Lentil Masala Soup
I always try to go a day without eating meat as eliminating meat from your day allows you to opt for other sources of proteins. There are plenty of options like eggs, cheese, yogurt, seeds, tempeh, legumes and lentils.
Lentils and legumes are a good source of protein and an excellent source of fiber! Fiber helps us stay full for longer periods of time and maintains a healthy digestive tract by moving things along thus keeping you regular.
This soup is rich in cancer-fighting turmeric powder. Combined with a pinch of black pepper, it increases the absorbability by 1000%! With your first bite, your tastebuds will explode with excitement from the abundance of flavour, you will not miss the meat in this meal! Leftovers can be stored in the freezer for a later date (if there is any).
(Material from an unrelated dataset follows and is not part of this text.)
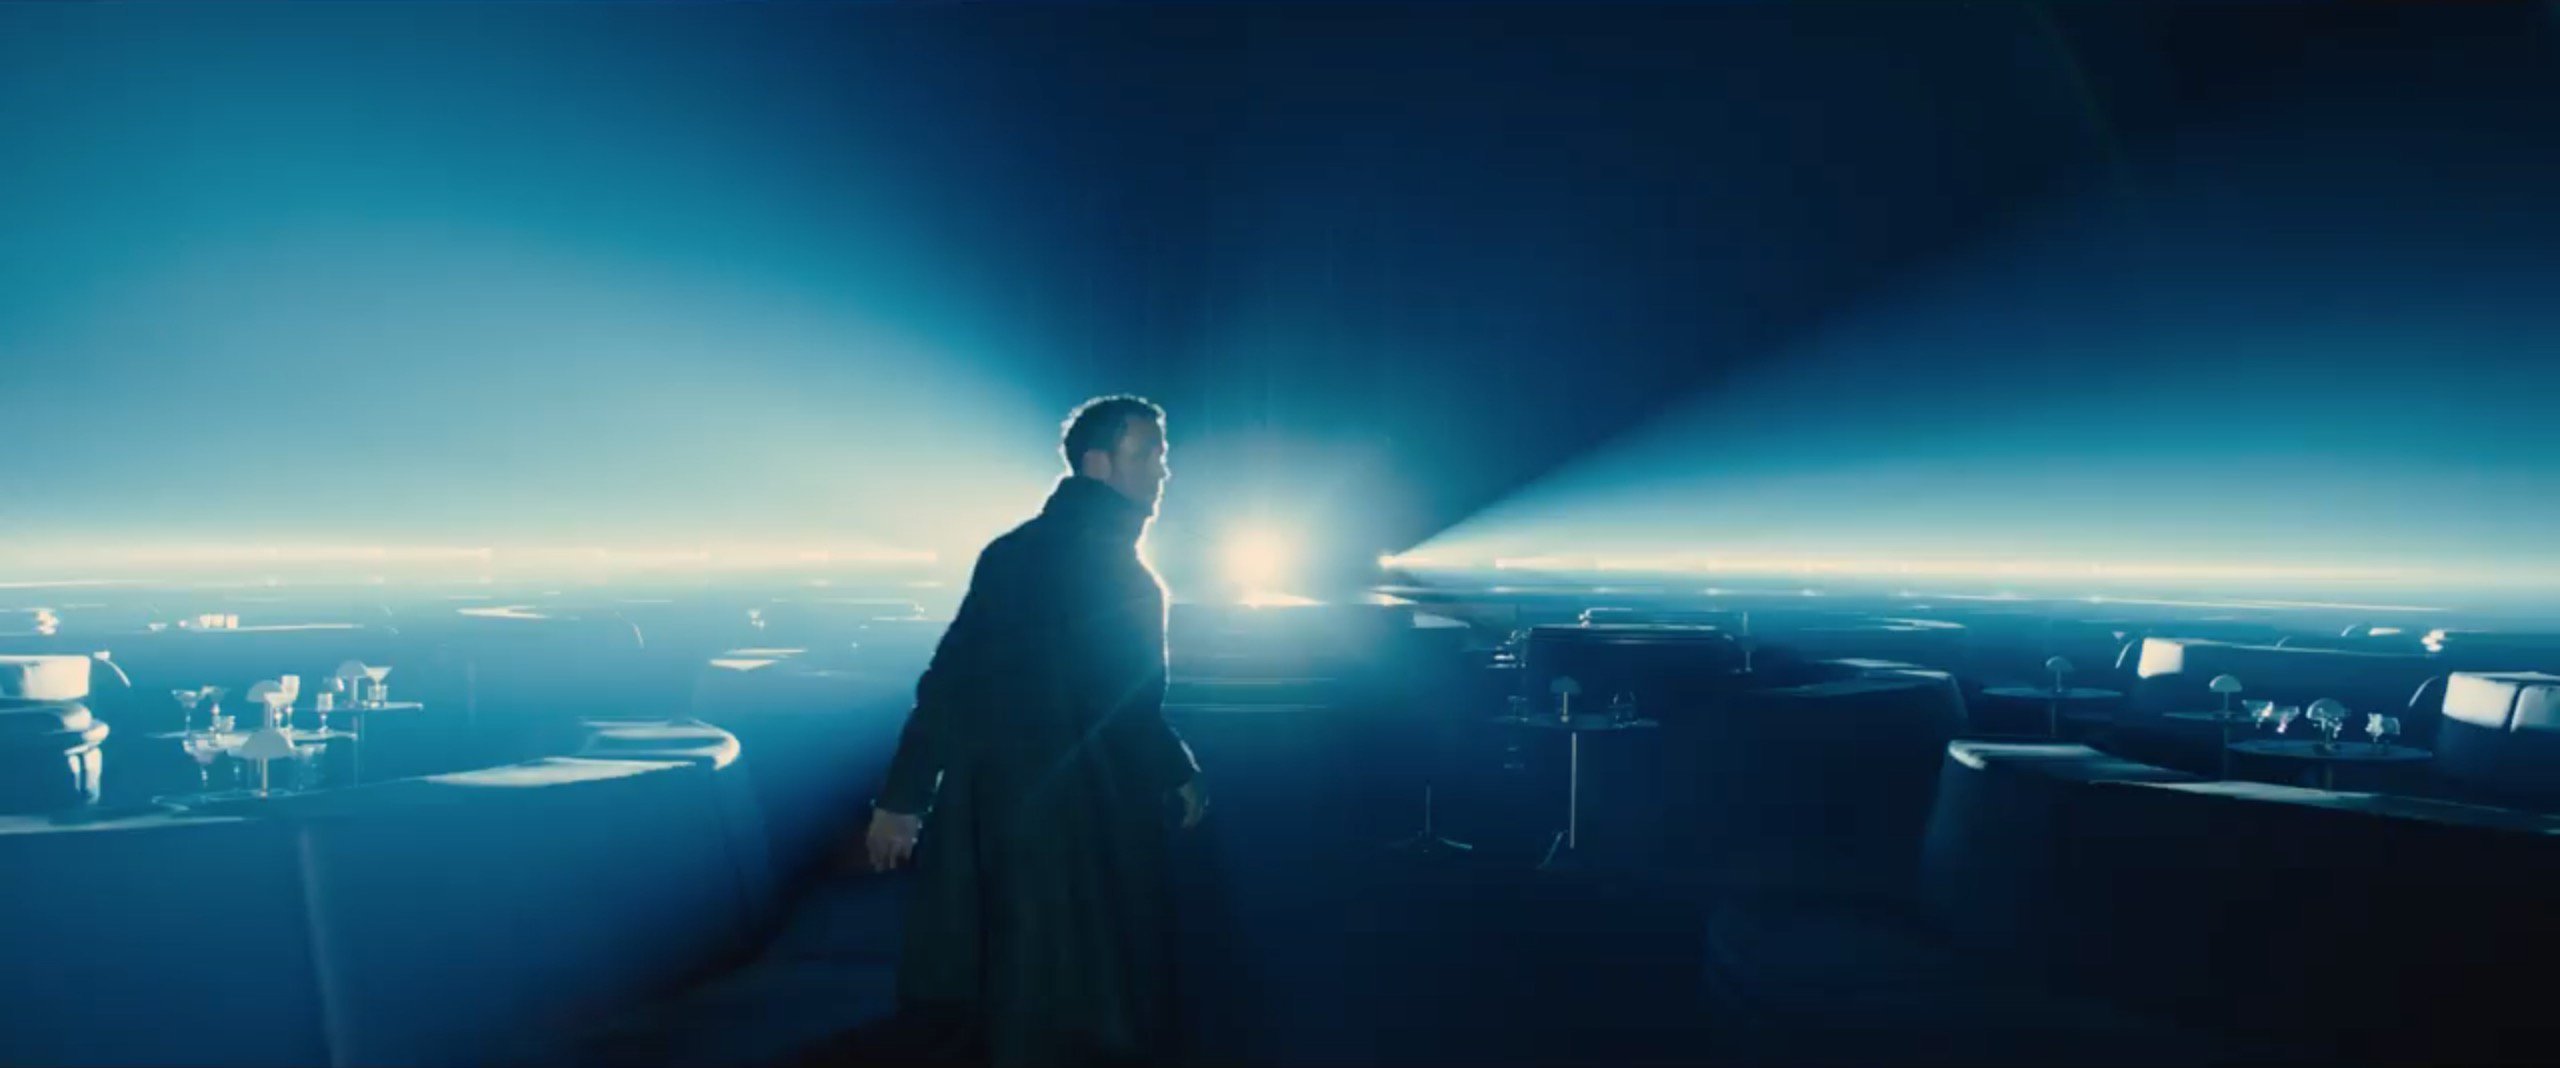 Blade-Runner-2049-trailer-breakdown-33

Serves 4 | Prep time: 10 minutes Cook time: 20 minutes
1 teaspoon coconut oil
1/2 cup red onion, diced
4 garlic cloves, minced
1 teaspoon turmeric
1 tablespoon garam masala
1 teaspoon Himalayan Salt
1 cup fresh cilantro, chopped
4 cups organic vegetable broth or bone broth (non-vegan)
3 cups diced tomatoes
1 cup red lentils, dry
1 cup organic coconut milk, canned
4 cups kale leaves, stemmed and chopped
Heat coconut oil in a large stockpot over medium heat. Add the onions and saute for about 4 minutes or until translucent. Add in the minced garlic and saute for another minute.
Stir in the turmeric, garam masala, and Himalayan salt until mixed. Add the cilantro, vegetable broth, and diced tomatoes. Bring to a boil then reduce heat to a simmer.
Add dry lentils, cover and cook for 15 to 20 minutes.
Once the lentils are cooked, pour in the coconut milk. Stir, then add the kale. Cook kale until it’s wilted.
Remove from heat and ladle into bowls. Garnish with cilantro or other option of your choice (I added chopped almonds as I do not have any allergies).